Le fisc a redressé près de 1.400 contribuables dans l'affaire Finaréa

Le fisc a redressé près de 1.400 contribuables dans l'affaire Finaréa - Thomas Samson-AFP

Cela fait plus de dix ans que le fisc est en conflit avec plus d'un millier de contribuables pour des réductions d'ISF liées à des investissements dans des PME. La Cour de cassation va bientôt trancher plusieurs points décisifs.

En cas de défaite, c'est une histoire qui pourrait devenir très embarrassante pour le fisc français. La Cour de cassation doit se prononcer le 3 mars sur plusieurs dossiers liés à ce qu'il convient d'appeler l'affaire Finaréa. Pour la résumer en quelques mots, c'est l'affaire d'une déduction fiscale sur l'ISF jugée illégale par le fisc mais qui reposait pourtant sur un montage a priori encouragé par la législation.

Après environ dix ans de batailles judiciaires acharnées, le dénouement se rapproche avec une décision de la Cour de cassation attendue pour le 3 mars. Celle-ci va trancher définitivement une partie des questions que posent les contentieux liés à Finaréa. Car ce "dossier" est tentaculaire et particulièrement difficile à suivre. En dehors de la Cour de cassation (qui a regroupé six dossiers), devant laquelle Guillaume Hannotin, avocat au Conseil d'Etat et à la Cour de cassation, défend le dossier, chaque cas est un cas jugé à part. Les redressements fiscaux ont ainsi concerné 1.400 contribuables dans toute la France depuis 2010 et près de 500 dossiers sont en cour d'instruction à des niveaux de juridiction divers et variés (en première instance, en appel, en cassation…).

Jusqu'ici, 53 juridictions se sont prononcées sur des dossiers Finaréa et 45 (soit 85% d'entre elles) ont donné raison aux contribuables face aux services des impôts. Par ailleurs, "les services des impôts ont préféré abandonner dans une centaine d'autres procédures, qui sont définitivement réglées, plutôt que d'aller en cassation. Ils ont ainsi reconnu que leur procédure était irrégulière", estime Maud Bondiguel, avocate fiscaliste qui s'occupe de plusieurs centaines de dossiers Finaréa.

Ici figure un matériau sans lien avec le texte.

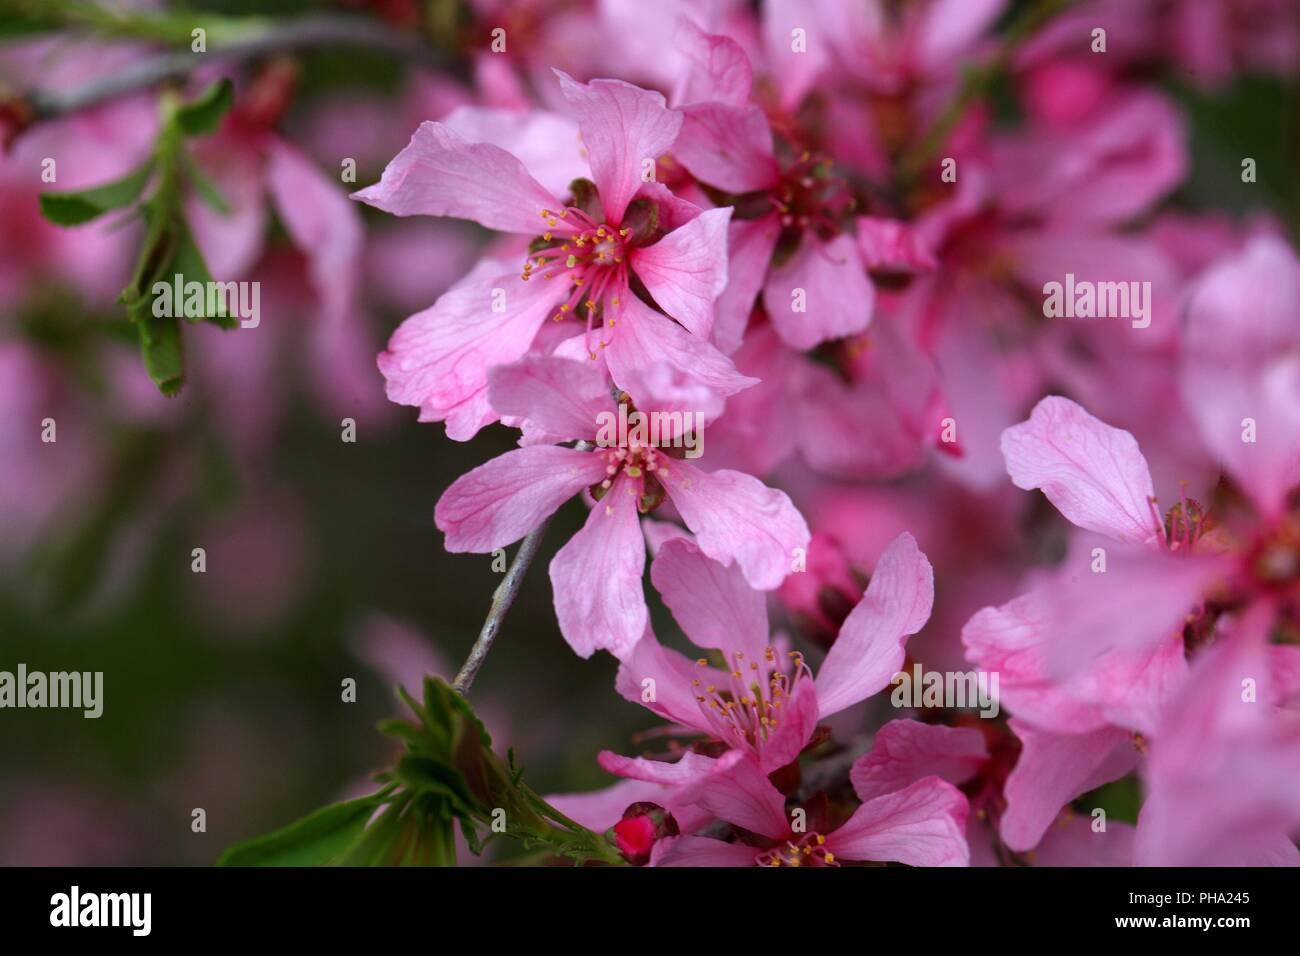 Flowers of the Russian Almond Tree (Prunus tenella). - Stock Image

Quand Sarkozy veut booster l'investissement dans les PME

Comment en est-on arrivé là? Pour le comprendre, il faut remonter à l'arrivée au pouvoir de Nicolas Sarkozy après sa victoire à la présidentielle en 2007. Dans la foulée de son élection, la nouvelle majorité vote en faveur de la loi Tepa (loi en faveur du travail, de l'emploi et du pouvoir d'achat). Ce texte fourre-tout contient de nombreuses réductions d'impôt et des mesures en faveur des entreprises. Une mesure en particulier doit permettre de flécher l'épargne des Français vers les PME. Il s'agit en fait d'appliquer à l'impôt de solidarité sur la fortune (l'ISF) une réduction qui existe déjà pour l'impôt sur le revenu depuis 1994 (l'IR-PME).

C'est la naissance de l'ISF-PME. Cet avantage fiscal permet de réduire son ISF d'un montant équivalent à 75% des investissements réalisés (dans la limite de 50.000 euros) dans des PME non cotées. Les contribuables ont aussi la possibilité d'investir via des holdings qui vont s'occuper de sélectionner les PME et placer leur argent dedans. C'est le cas de la société Finaréa, lancée en 2008 par l'homme d'affaires et expert-comptable Christian Fleuret (voir ici notre chronologie complète de l'affaire).

Au début, tout se passe bien pour Finaréa. Christian Fleuret parvient à lever rapidement des fonds auprès de 2.000 souscripteurs et s'entoure d'une équipe d'une vingtaine d'experts. La société se déploie dans chaque région avec en tout 32 filiales, toutes des holdings animatrices selon Christian Fleuret. L'argent levé sert à entrer au capital de PME que Finaréa va coacher, notamment avec d'anciens dirigeants, sur le plan juridique et financier. Fin 2012, les équipes de ce réseau ont aidé 52 entreprises.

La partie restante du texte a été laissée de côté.